-- Action item --
The data that follows must be transcribed in full and exactly, minus the pictures.

-- Information supplied --

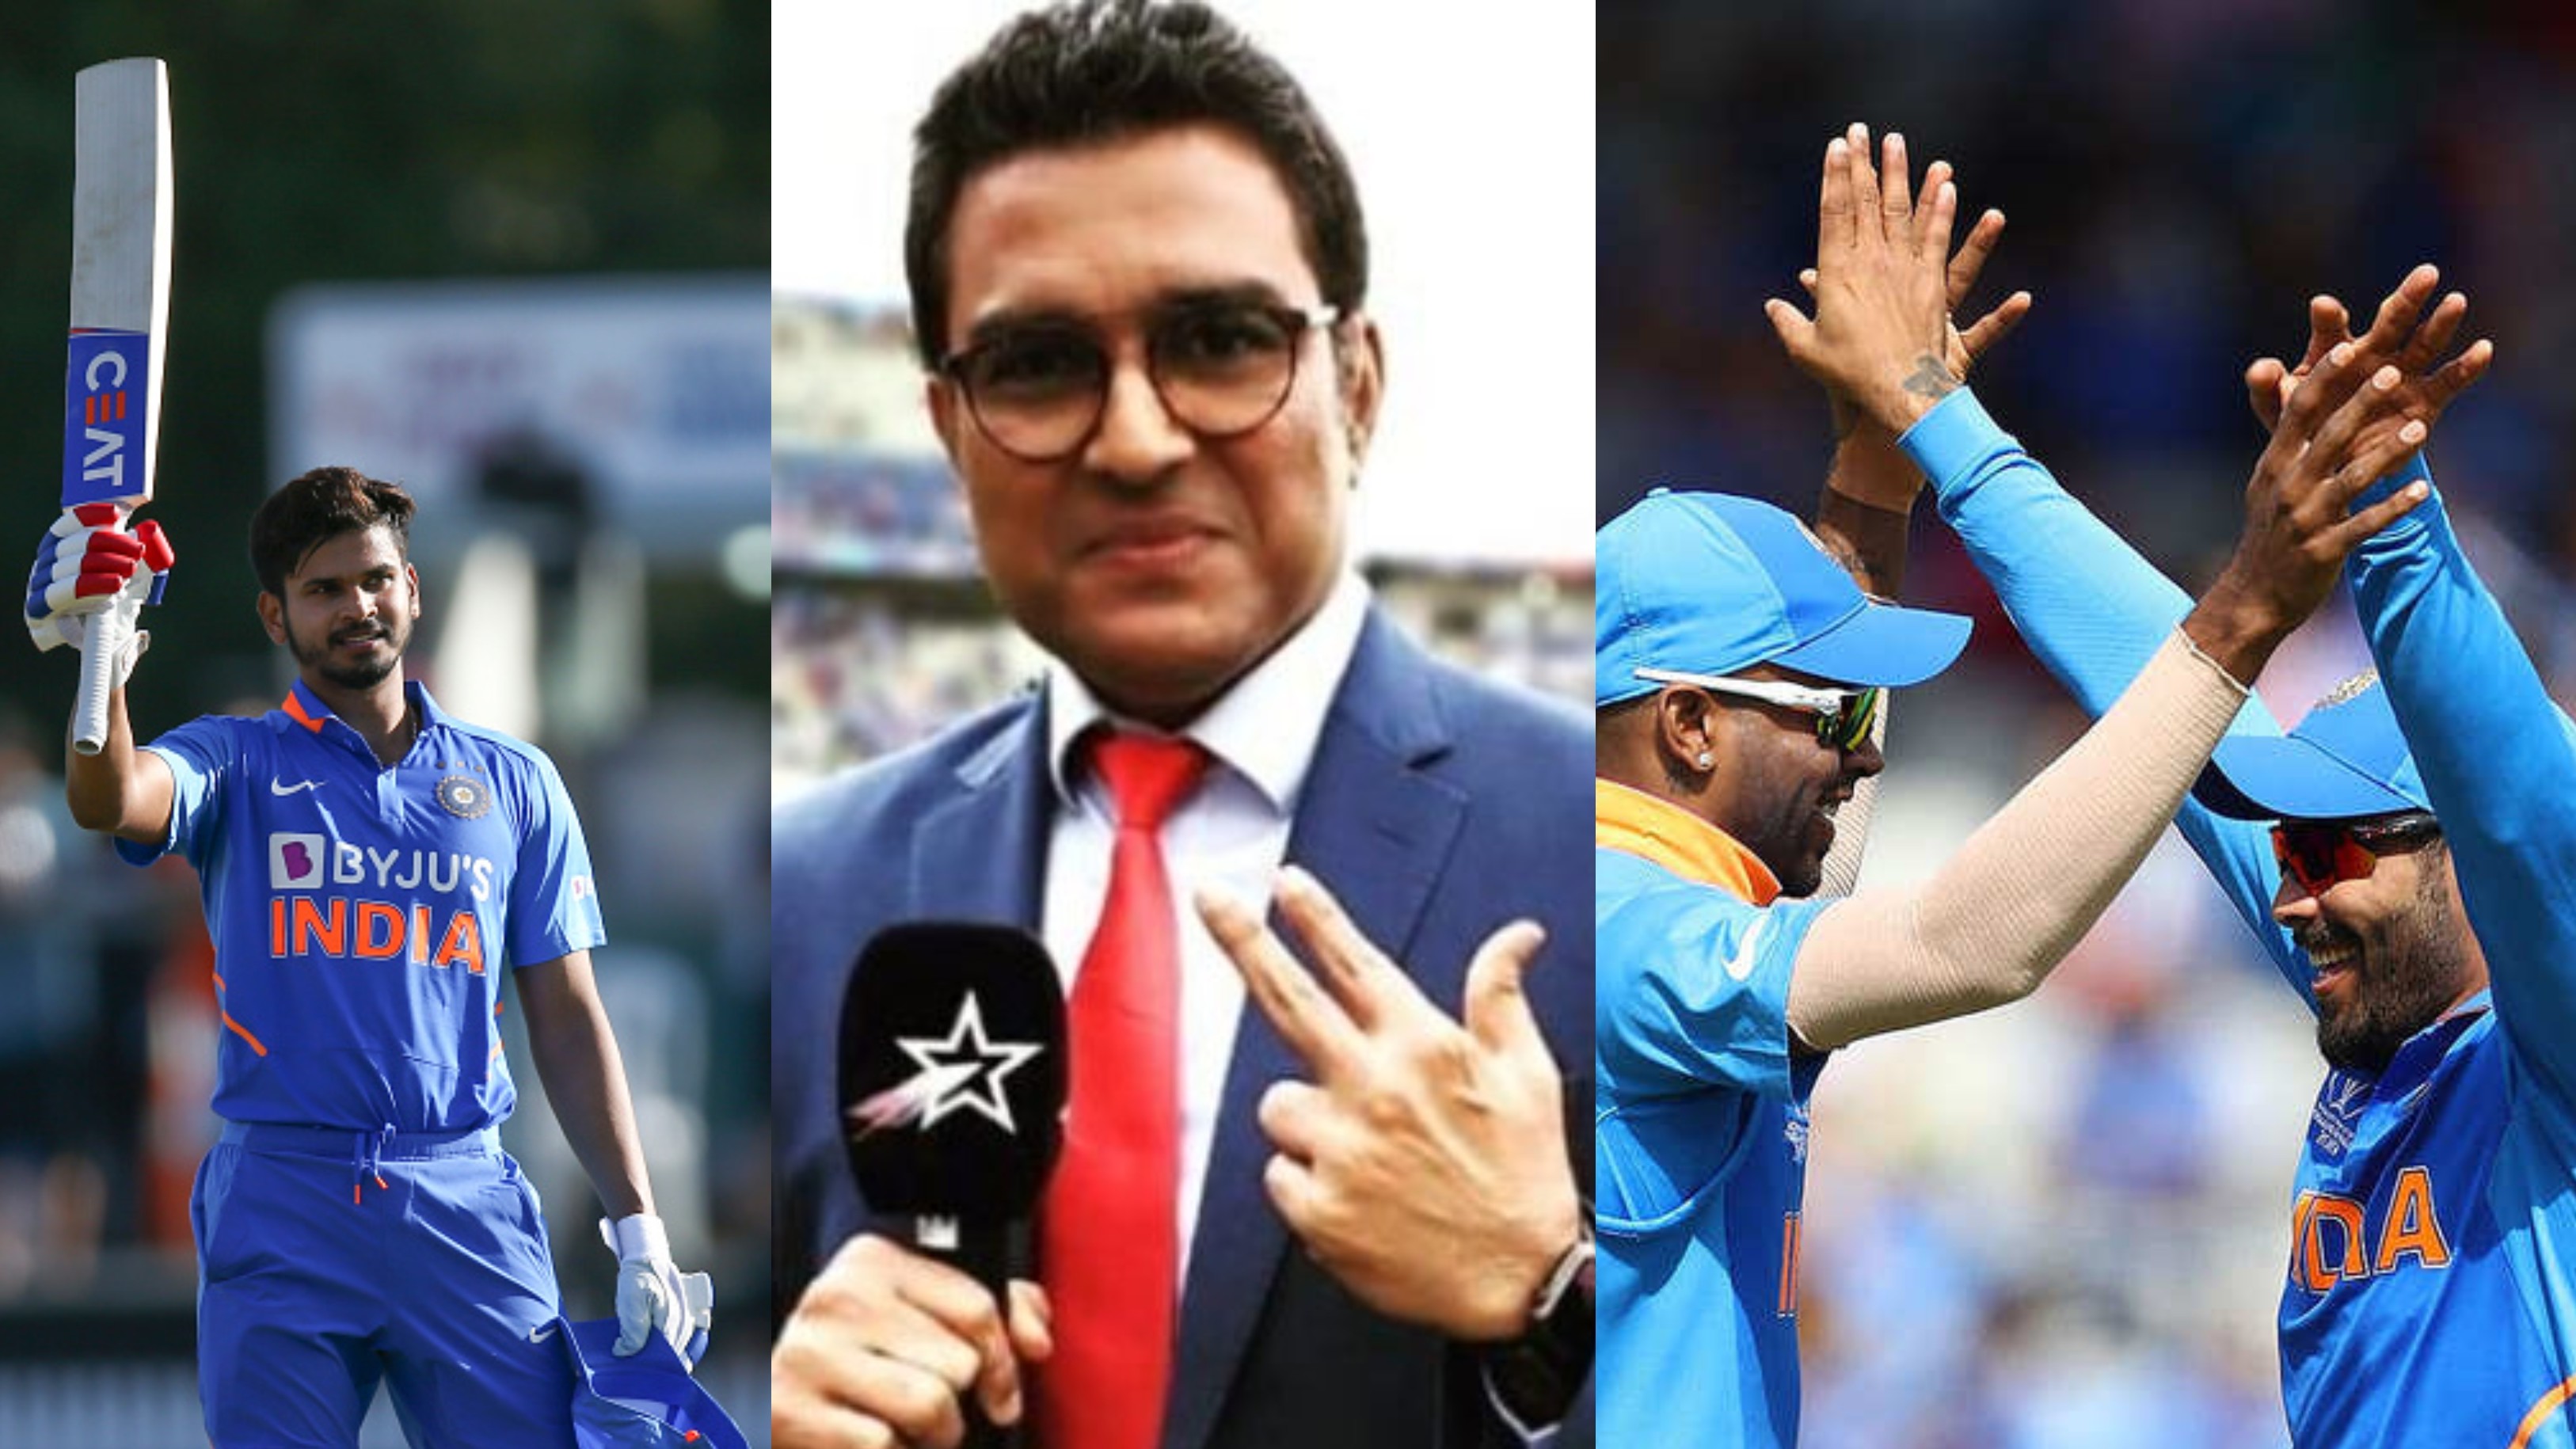 T20WC 2020: Sanjay Manjrekar reveals his picks for India’s no. 4 and all-rounder spot for T20 World Cup 
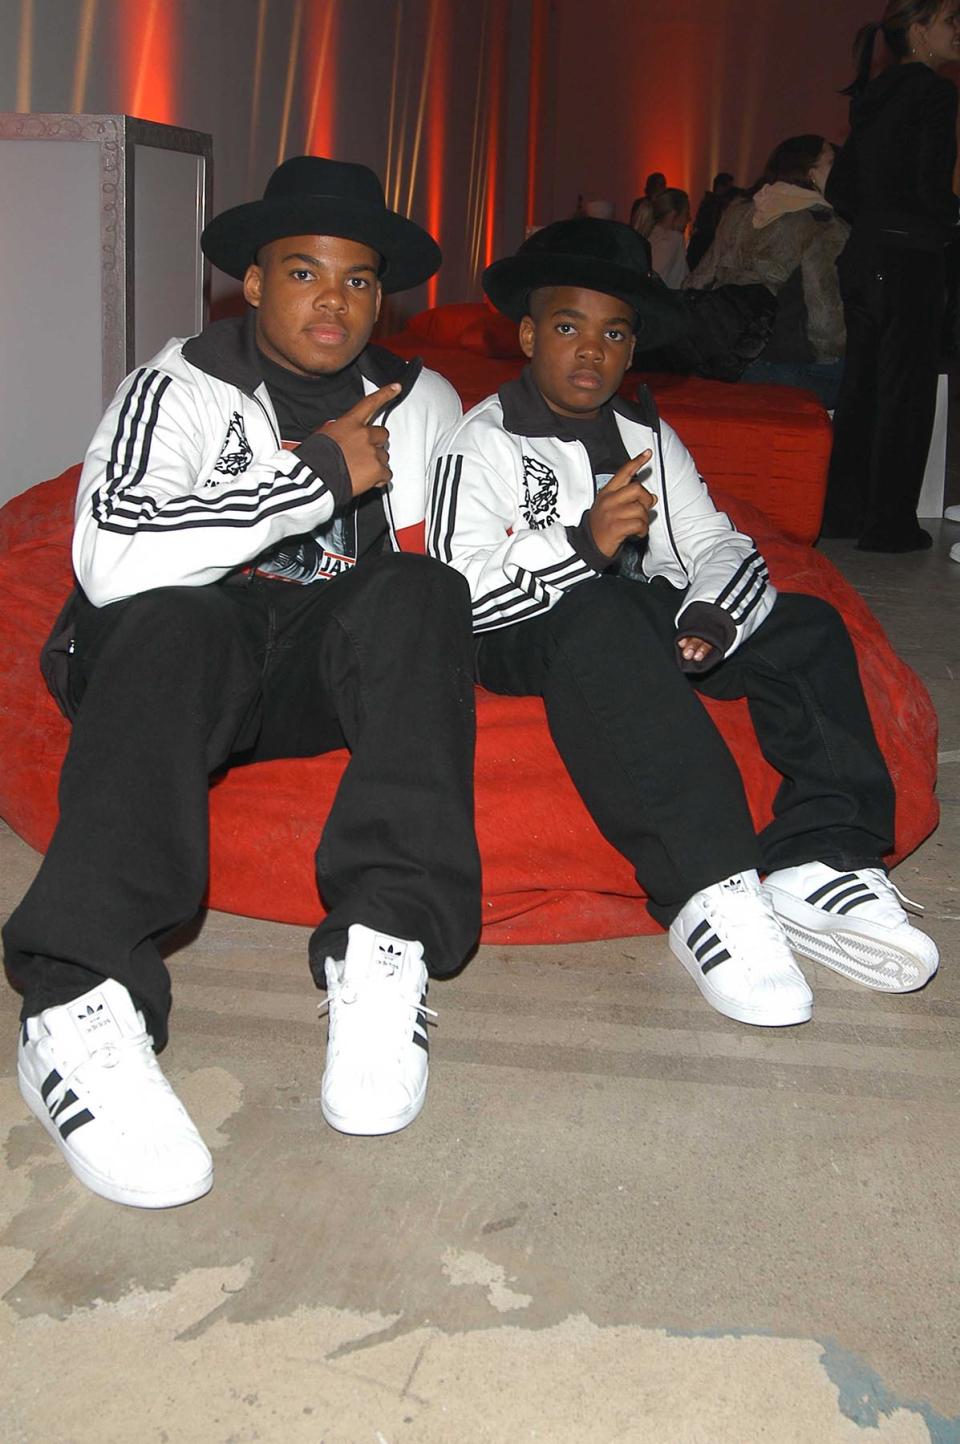 NEW YORK, NY - FEBRUARY 25: TJ Mizell and Jesse Mizell attend Adidas presents benefit auction and dinner for Jam Master Jay Foundation for Music and the 35th Anniversary of the Adidas Superstar at Skylight Studio on February 25, 2005 in New York City. (Photo by Chance Yeh /Patrick McMullan via Getty Images)
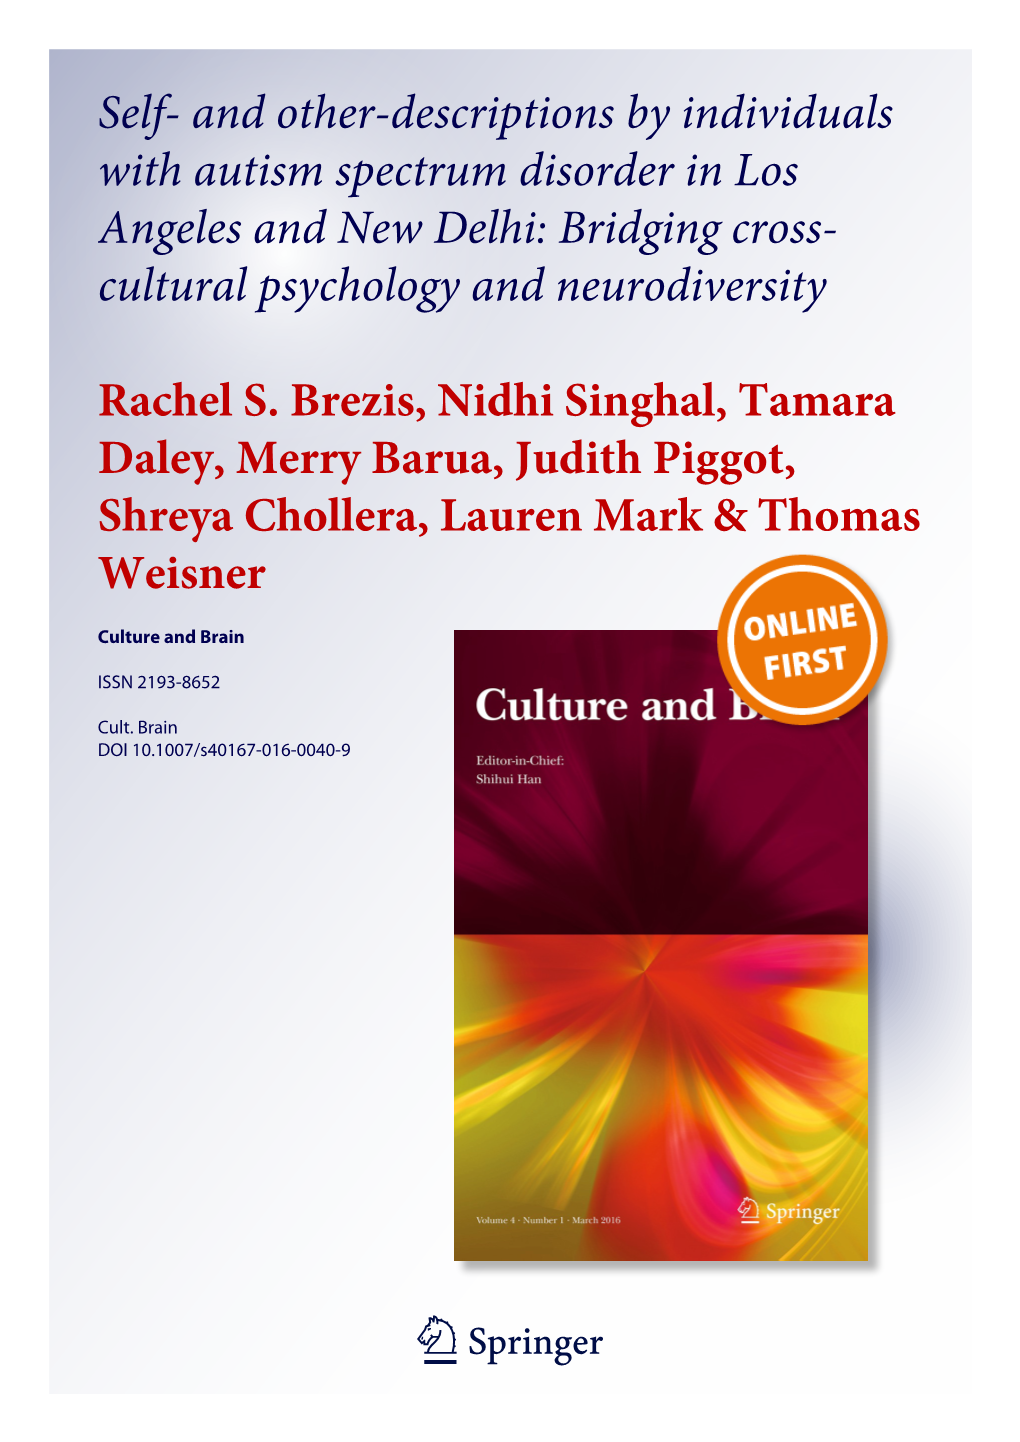 Self- and Other-Descriptions by Individuals with Autism Spectrum Disorder in Los Angeles and New Delhi: Bridging Cross- Cultural Psychology and Neurodiversity

-- Response to this exercise --
 T20WC 2020: Sanjay Manjrekar reveals his picks for India’s no. 4 and all-rounder spot for T20 World Cup 
 NEW YORK, NY - FEBRUARY 25: TJ Mizell and Jesse Mizell attend Adidas presents benefit auction and dinner for Jam Master Jay Foundation for Music and the 35th Anniversary of the Adidas Superstar at Skylight Studio on February 25, 2005 in New York City. (Photo by Chance Yeh /Patrick McMullan via Getty Images)
 Self- and Other-Descriptions by Individuals with Autism Spectrum Disorder in Los Angeles and New Delhi: Bridging Cross- Cultural Psychology and Neurodiversity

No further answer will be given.